The late 1990s delivered unprecedented economic growth and consumer confidence. The rise in internet-related stocks boosted Wall Street and the economy. Investors in the dot-com boom were making money and spending lavishly. As a result, state treasuries saw large increases in sales and income tax revenues.

In the 1990s, personal income of the average Wisconsinite grew by 57%,[vi] while inflation only grew by 32%.[vii] As a result, state revenues grew from $5.6 billion in 1990 to $10.9 billion in 2000, an increase of 94%.
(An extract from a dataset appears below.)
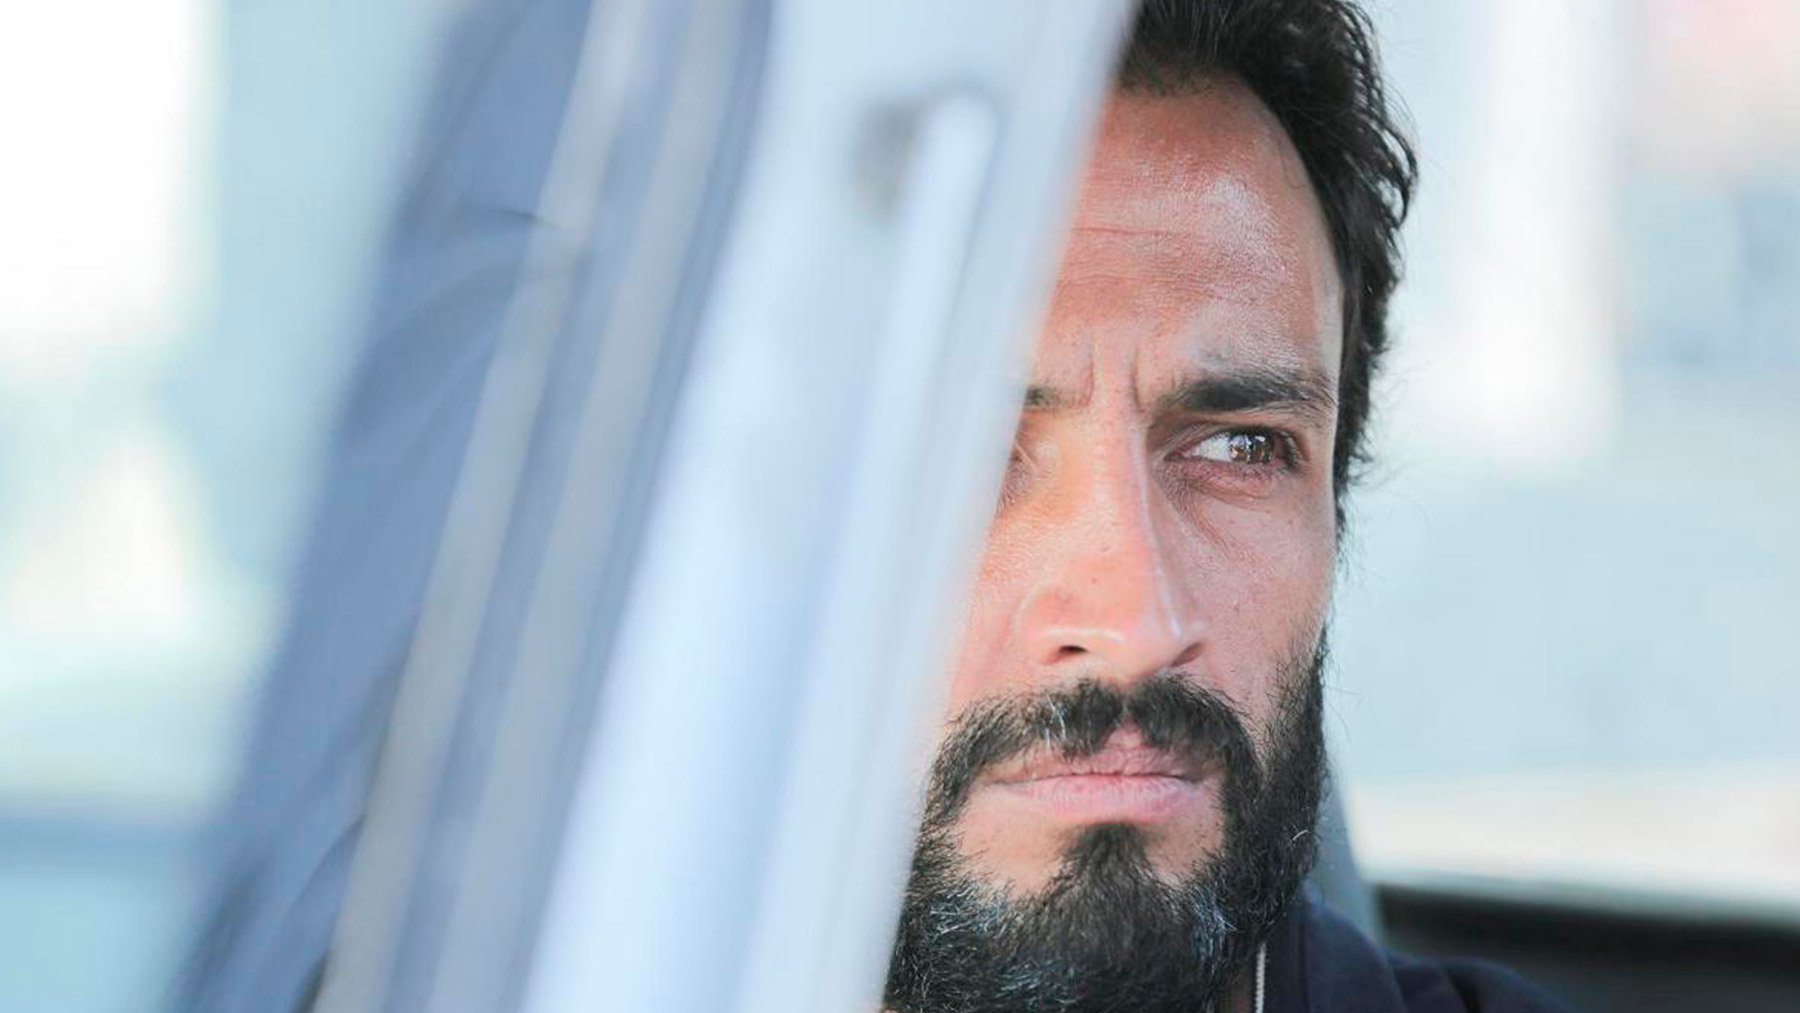 El director de cine Asghar Farhadi culpable de plagio por ‘Un héroe’

Yale economist Robert Shiller believes that in many ways, the dot-com boom foreshadowed the housing problems of today. Shiller believes that the same irrational exuberance that caused investors to overvalue technology stocks has caused them to put too much faith in the value of their homes. As a result, housing is overvalued, partly driven by lowered credit standards.[viii]

Despite this large impact on the budget, many economists believe the 2001 recession was rather mild. According to Curt Hunter, Senior Vice President and Director of Research for the Federal Reserve Bank of Chicago, “the 2001 recession . . . was mild compared with other recessions,”[ix] and was short-lived by comparison. In fact, some believe that without the damaging effects of the September 11, 2001, attacks in New York City, the economic downturn may have been too mild to be considered a recession.[x]

This fact may lead one to ask: If the recession was so mild, why did it have such a severe impact on the Wisconsin budget? If a similar recession were to hit in 2007 or 2008, what would the effect be on the current Wisconsin budget? These questions will be addressed in the following sections.

Wisconsin’s history of weak fiscal mismanagement

There are several fiscal management tools used by state governments to mitigate the effects of economic downturns. Nearly every state has minimum statutory balances and budget stabilization funds from which to draw in the event of a shortfall.

In the years of strong revenue growth in the late 1990s, states were experiencing record ending balances (including stabilization funds). According to the National Association of State Budget Officers (NASBO), nationwide ending balances reached 10.4% of expenditures in 2000, and 9.4% in 2001. During the 2001 recession, states were able to draw on $25.8 billion of reserves to help balance their budgets. As a result, ending balances had been reduced to 3.7% of expenditures. Balances built up over the previous years served to ameliorate many of the budget problems caused by lagging revenue.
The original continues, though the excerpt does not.